On the morning they were due to stand trial, the husband threw himself from the roof of a multi-storey car park in Hammersmith. Death was instantaneous.
In the park the next day we talked in muted tones about the two dog minders. Someone had seen a picture of the child, and it had made her weep with pity and anger. Someone else wondered if the newly widowed wife had changed her mind on the subject of bringing criminals to justice.
The Mating Game
‘Have you ever thought of having her mated?’
The question was put to me by an amiable stallholder in Hammersmith market – the owner of a genuine collie, not a quasi-collie like mine.
‘They’d have beautiful puppies.’
I hadn’t thought of having Circe mated, but now – looking at the handsome animal spread out by the fruit-and-vegetable stall – I began to consider it a possibility.
I had weathered Circe’s first season by walking her very early in the morning and only taking her out when I was certain there were no dogs in the street. Even so, and in spite of my cautiousness, a determined sleuth picked up her scent and trailed it back to the house, where he let out a noise pitched between howling and barking, which Circe then started to accompany with anguished yelps. Sensing that the neighbours would soon be complaining, I filled a bucket with water and aimed it at the unprepossessing hound, who retreated, still giving voice to his frustration. He got the message that his attentions were not desired – by me, at any rate – when I doused him thoroughly with the third bucketful. He slunk off. I waited by the gate for ten minutes or more, but he did not return.

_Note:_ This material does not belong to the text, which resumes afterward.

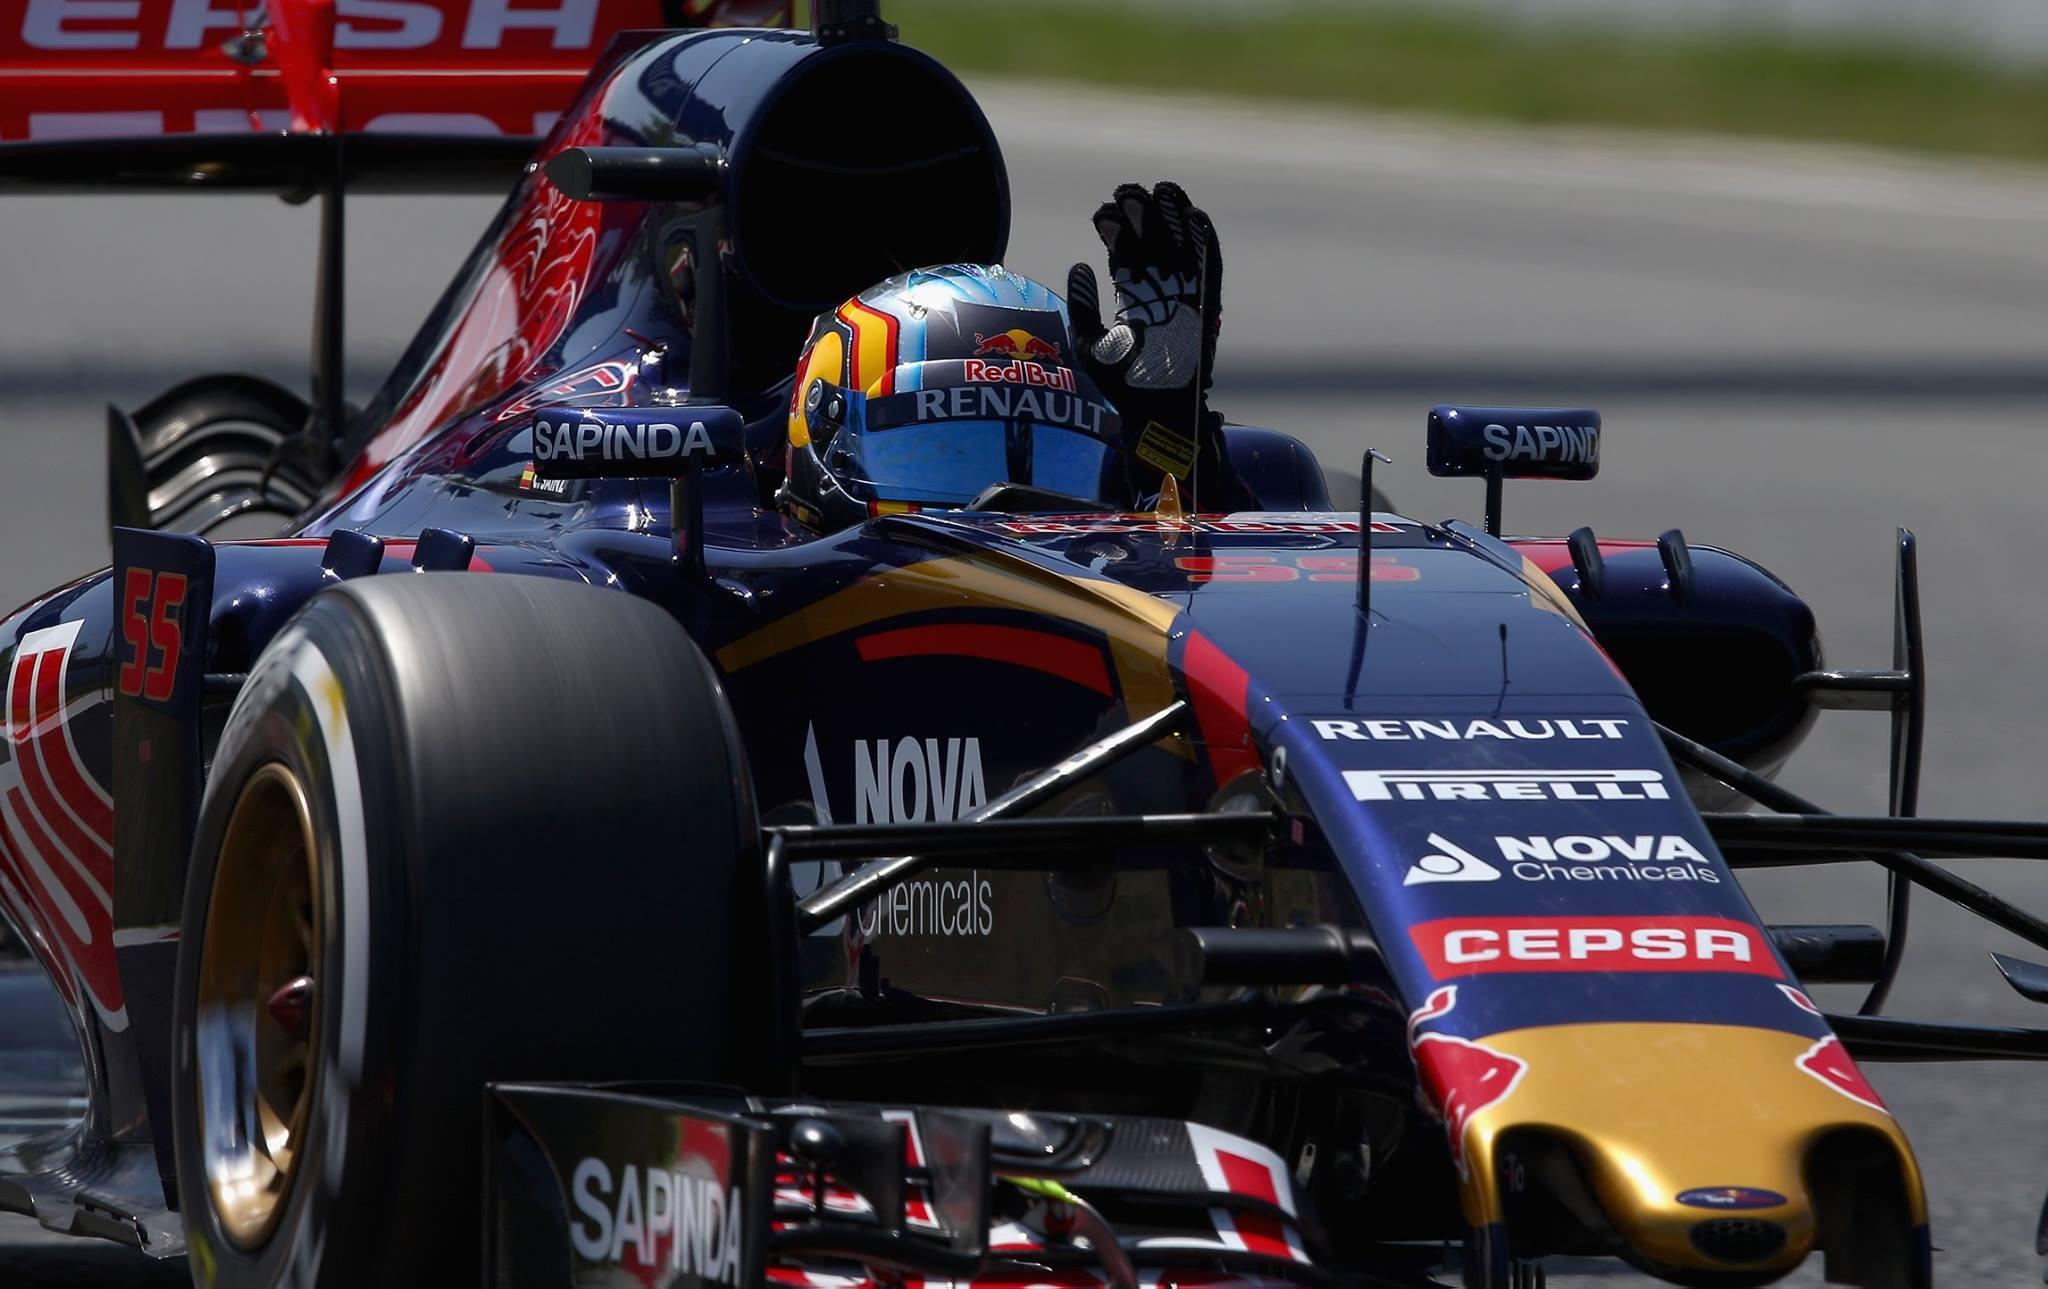 O jovem piloto da Toro Rosso foi o melhor dos pilotos espanhois

He reappeared in the morning, hopeful and silent. My presence signalled water to him, and he went away, for ever.
When Circe’s second season came along, I wondered if I was being rational. I remembered what it was like caring for and training a single puppy, and trembled at the prospect of rearing three, four, five or even six of them, beautiful or not. I had struck a bargain with the stallholder that I would keep one of the puppies and he could have the rest of the litter.